Ian knelt, jamming the first key into the lock. It didn’t fit. He tried another—then another—until the final one clicked. The lock snapped open with a sound louder than it should have been. Lio rushed forward, nearly stumbling as he reached his father.
“Father, we’re getting you out.”
But the man’s expression darkened. He didn’t move. “No… you can’t.”
“What do you mean?” Ian asked, confused, his hand still gripping the open door.
The man’s jaw clenched, his tone suddenly sharp and cutting through the cold air. “Why are you here?” he snapped, glaring at Lio with a mix of anger and disbelief. “I told you before I left—don’t follow me. Take care of your mother!”
His voice rose, rough and commanding, echoing off the damp stone walls. “Do you think this is a game? You should’ve stayed home! What part of that did you not understand?”
Lio’s lips trembled, his fists clenching at his sides. “You think I could just sit at home while they dragged you here?”

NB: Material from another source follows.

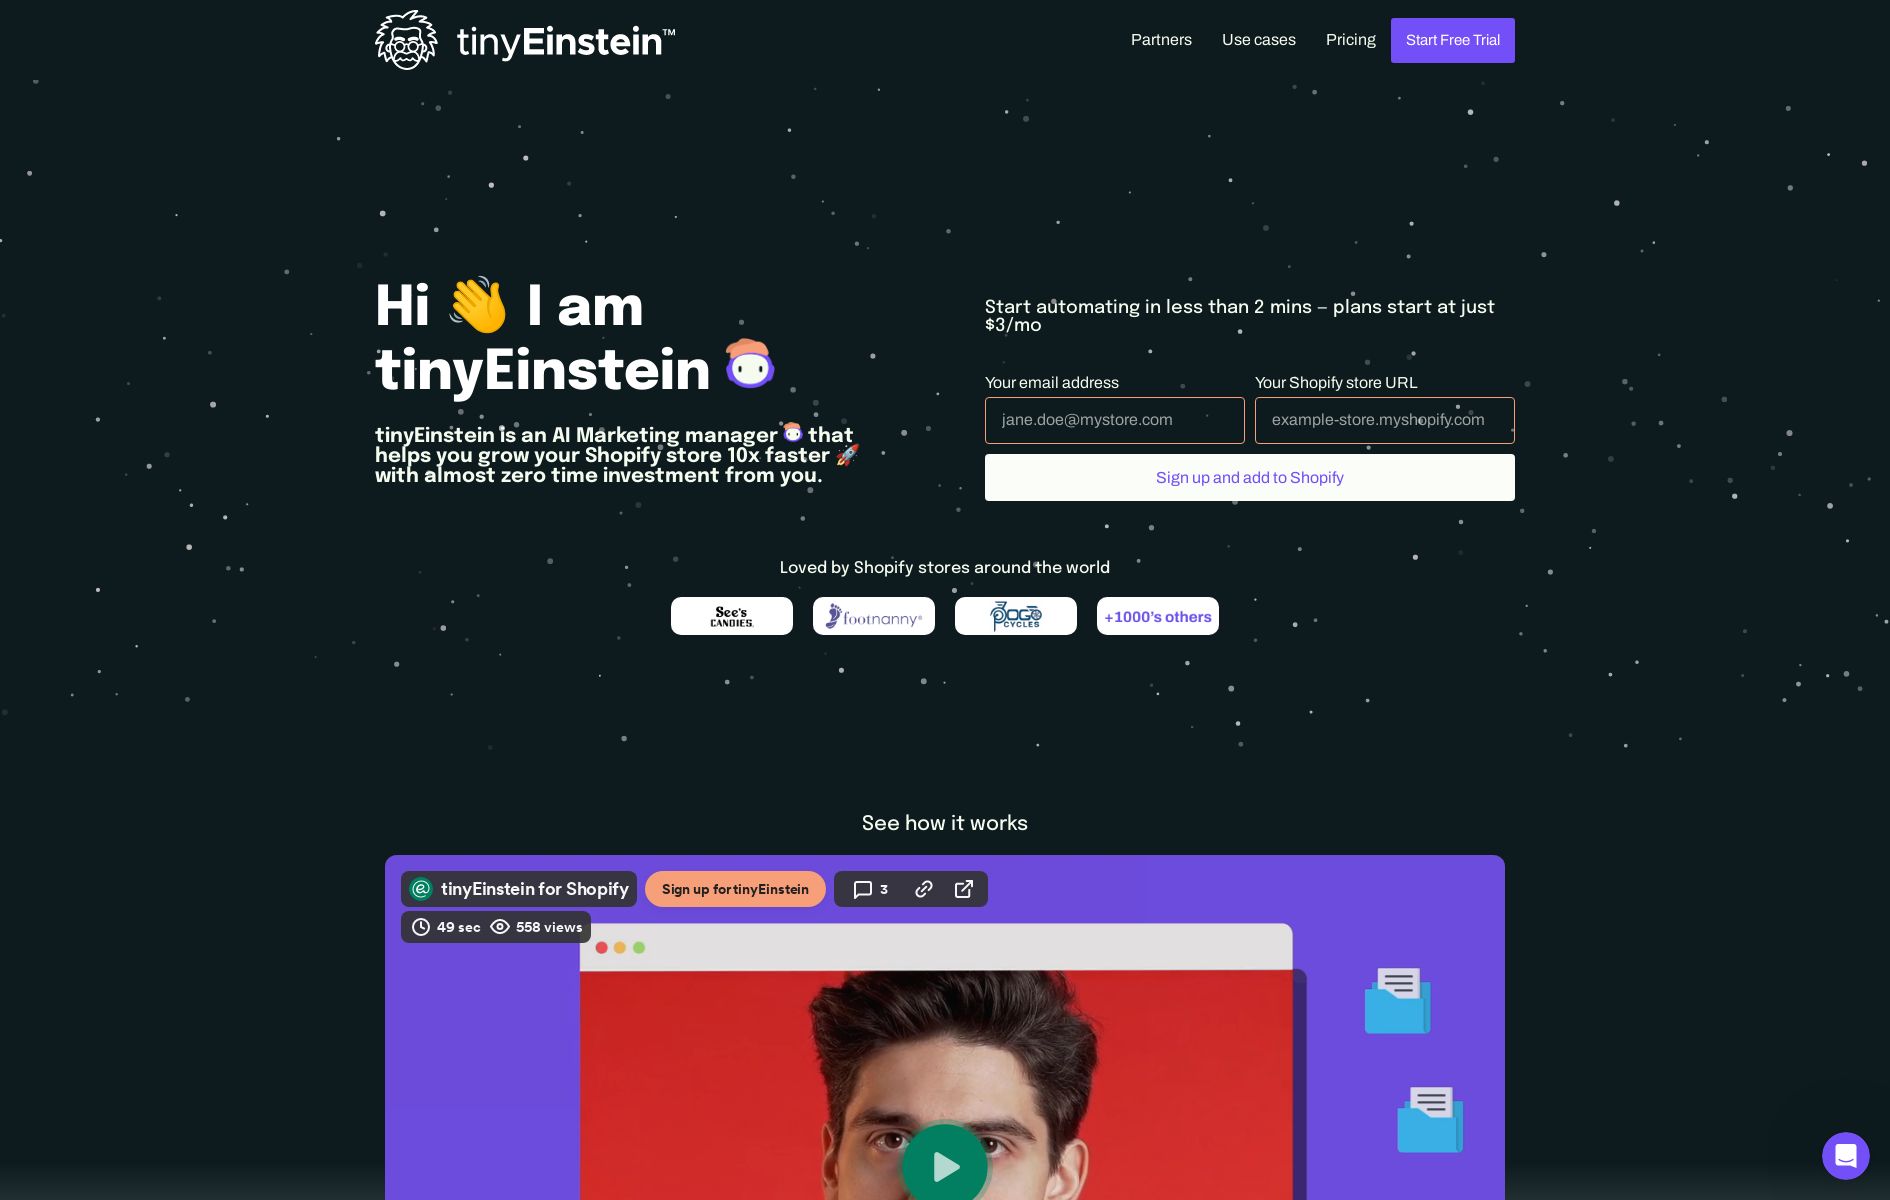 tinyEinstein

“Yes!” The man’s shout echoed off the damp walls. His eyes, sharp with anger, hid the pain swimming beneath. “That’s exactly what you should’ve done. You’re a fool for coming here. You should’ve let me rot!”
Silence fell for a moment, broken only by the creak of chains and the distant rush of river water. The man’s anger wavered—just slightly—as he looked at his son’s trembling hands and the stubborn fire still burning in his eyes.
The man’s jaw tightened. He looked away. “Go,” he said harshly. “Before they find you. I’m not leaving. Not now. Not ever.”